- Material to process:
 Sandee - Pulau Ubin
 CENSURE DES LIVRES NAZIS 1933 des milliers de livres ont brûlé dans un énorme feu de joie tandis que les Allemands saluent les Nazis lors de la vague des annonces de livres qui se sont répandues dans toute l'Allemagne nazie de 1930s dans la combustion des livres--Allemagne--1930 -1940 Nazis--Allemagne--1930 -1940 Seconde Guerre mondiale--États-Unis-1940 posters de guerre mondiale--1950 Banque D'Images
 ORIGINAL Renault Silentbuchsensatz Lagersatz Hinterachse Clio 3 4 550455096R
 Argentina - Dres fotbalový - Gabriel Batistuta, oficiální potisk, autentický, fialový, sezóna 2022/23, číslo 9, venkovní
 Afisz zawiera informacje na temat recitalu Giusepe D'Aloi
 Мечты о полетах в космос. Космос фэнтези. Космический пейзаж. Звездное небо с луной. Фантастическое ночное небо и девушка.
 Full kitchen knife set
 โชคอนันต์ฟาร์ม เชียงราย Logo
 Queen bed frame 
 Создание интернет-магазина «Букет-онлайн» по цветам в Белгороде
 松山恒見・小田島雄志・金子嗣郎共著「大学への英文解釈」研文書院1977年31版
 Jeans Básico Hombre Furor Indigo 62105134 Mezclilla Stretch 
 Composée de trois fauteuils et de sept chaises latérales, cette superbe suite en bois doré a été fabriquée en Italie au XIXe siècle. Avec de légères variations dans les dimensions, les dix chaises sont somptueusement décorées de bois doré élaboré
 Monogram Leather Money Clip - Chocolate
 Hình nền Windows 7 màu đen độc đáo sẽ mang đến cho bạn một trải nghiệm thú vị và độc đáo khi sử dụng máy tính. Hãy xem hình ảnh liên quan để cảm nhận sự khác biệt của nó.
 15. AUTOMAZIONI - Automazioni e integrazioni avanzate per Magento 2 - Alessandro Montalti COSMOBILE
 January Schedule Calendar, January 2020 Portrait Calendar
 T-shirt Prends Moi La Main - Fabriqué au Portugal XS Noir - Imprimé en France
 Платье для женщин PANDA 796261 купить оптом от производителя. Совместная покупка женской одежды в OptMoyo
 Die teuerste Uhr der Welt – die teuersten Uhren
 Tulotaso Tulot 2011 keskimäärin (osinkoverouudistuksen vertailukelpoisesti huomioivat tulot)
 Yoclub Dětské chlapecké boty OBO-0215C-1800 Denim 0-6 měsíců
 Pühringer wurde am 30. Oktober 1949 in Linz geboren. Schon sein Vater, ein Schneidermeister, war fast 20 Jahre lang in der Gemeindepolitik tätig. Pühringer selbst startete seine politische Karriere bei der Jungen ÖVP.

- Task requirements:
Begin at the first line of the material above. Transcribe each line exactly, ending with the line that contains "Die teuerste Uhr".

- Task result:
 Sandee - Pulau Ubin
 CENSURE DES LIVRES NAZIS 1933 des milliers de livres ont brûlé dans un énorme feu de joie tandis que les Allemands saluent les Nazis lors de la vague des annonces de livres qui se sont répandues dans toute l'Allemagne nazie de 1930s dans la combustion des livres--Allemagne--1930 -1940 Nazis--Allemagne--1930 -1940 Seconde Guerre mondiale--États-Unis-1940 posters de guerre mondiale--1950 Banque D'Images
 ORIGINAL Renault Silentbuchsensatz Lagersatz Hinterachse Clio 3 4 550455096R
 Argentina - Dres fotbalový - Gabriel Batistuta, oficiální potisk, autentický, fialový, sezóna 2022/23, číslo 9, venkovní
 Afisz zawiera informacje na temat recitalu Giusepe D'Aloi
 Мечты о полетах в космос. Космос фэнтези. Космический пейзаж. Звездное небо с луной. Фантастическое ночное небо и девушка.
 Full kitchen knife set
 โชคอนันต์ฟาร์ม เชียงราย Logo
 Queen bed frame 
 Создание интернет-магазина «Букет-онлайн» по цветам в Белгороде
 松山恒見・小田島雄志・金子嗣郎共著「大学への英文解釈」研文書院1977年31版
 Jeans Básico Hombre Furor Indigo 62105134 Mezclilla Stretch 
 Composée de trois fauteuils et de sept chaises latérales, cette superbe suite en bois doré a été fabriquée en Italie au XIXe siècle. Avec de légères variations dans les dimensions, les dix chaises sont somptueusement décorées de bois doré élaboré
 Monogram Leather Money Clip - Chocolate
 Hình nền Windows 7 màu đen độc đáo sẽ mang đến cho bạn một trải nghiệm thú vị và độc đáo khi sử dụng máy tính. Hãy xem hình ảnh liên quan để cảm nhận sự khác biệt của nó.
 15. AUTOMAZIONI - Automazioni e integrazioni avanzate per Magento 2 - Alessandro Montalti COSMOBILE
 January Schedule Calendar, January 2020 Portrait Calendar
 T-shirt Prends Moi La Main - Fabriqué au Portugal XS Noir - Imprimé en France
 Платье для женщин PANDA 796261 купить оптом от производителя. Совместная покупка женской одежды в OptMoyo
 Die teuerste Uhr der Welt – die teuersten Uhren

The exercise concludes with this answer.